Following graduation, he worked at Alexandria University Hospital an later held administrative positions including vice director of the university children's hospital and vice director of a therapeutic institution in Alexandria.

== Quranic training ==
While studying medicine, Nuaina continued his formal Quranic education. He studied the ten canonical Quranic readings under Sheikh Muhammad Farid al-Nu'mani and his wife, Sheikha Umm al-Saad. According to biographical accounts, he attended lessons with them for two hours after the dawn (Fajr) prayer before going to university.

In addition to formal instruction, Nuaina developed his recitation by listening to prominent Egyptian reciters on the radio. Among those he admired were Muhammad Rifat, Abdul Basit Abdus Samad, Abu al-Enein Shuaisha, Mahmoud Khalil al-Husary, and Muhammad Siddiq al-Minshawi.

He is particularly associated with the recitation style of Mustafa Ismail, whom he has described as his greatest influence. Nuaina later recalled becoming personally acquainted with Ismail while studying in Alexandria, stating that his admiration increased after observing his methods of teaching and religious instruction.

== Career ==
=== Quran recitation ===
Nuaina first gained recognition for his recitation while still a university student. His voice attracted the attention of Ahmad al-Sayyid Darwish, head of the Muslim Youth Association in Alexandria, where he regularly recited the Quran.

He also served for approximately ten years as a regular reciter at Al-Samak Mosque in Alexandria, contributing to his growing reputation. In 1979, Nuaina became an official Quran reciter for Egyptian Radio and Television, bringing his recitation to a national audience.

=== State ceremonies ===
Nuaina's association with Egyptian state ceremonies began during the presidency of Anwar Sadat, who reportedly praised his recitation and compared it to that of Mustafa Ismail. Sadat subsequently invited him to recite at presidential functions and appointed him as his personal physician.

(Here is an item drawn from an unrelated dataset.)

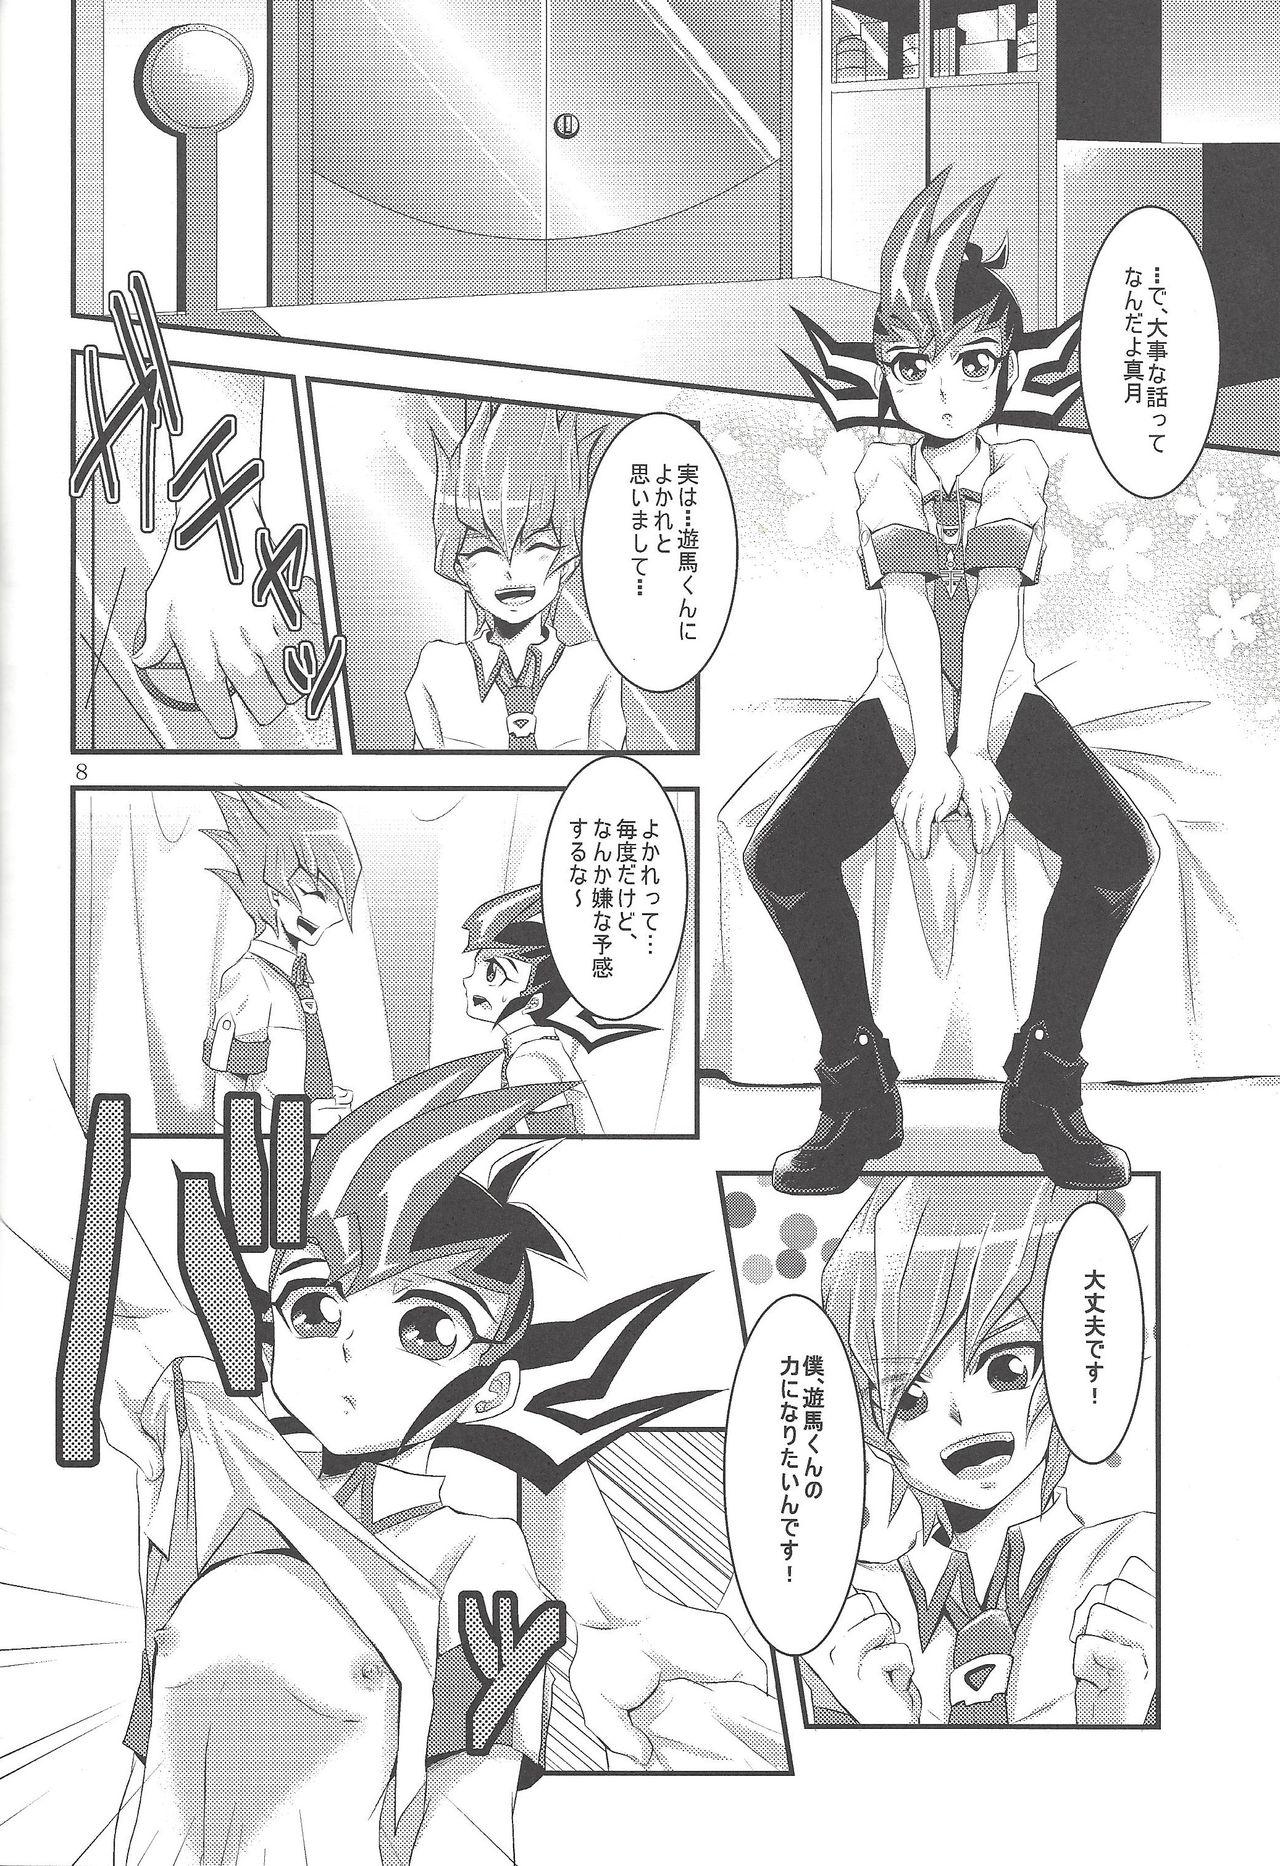 Wet Pussy Yokare to Omotte - Yu-gi-oh zexal Gay Broken - Page 7

Because of his frequent appearances at official events, Nuaina became widely known as the "Presidential Quran Reciter." He continued to recite at state ceremonies during the presidency of Hosni Mubarak and later appeared at official religious events under subsequent administrations.

In October 2025, Egypt's Minister of Religious Endowments, Osama al-Azhari, appointed Nuaina as Egypt's Chief Qari (Shaykh al-Maqāri' al-Miṣriyya), the country's highest official position for Quran reciters.

== International recognition ==
Nuaina has travelled extensively throughout the Arab world, Asia, Europe, and North America to recite Quran during Ramadan, religious conferences, and public events. His recitation have been widely distributed through recordings, broadcasts, and digital media.

He won first prize at the international Quran Recitation Competition held in New Delhi, India, in 1985. He later received first-place honours at international Quran competitions in Malaysia in 1995 and in Brunei.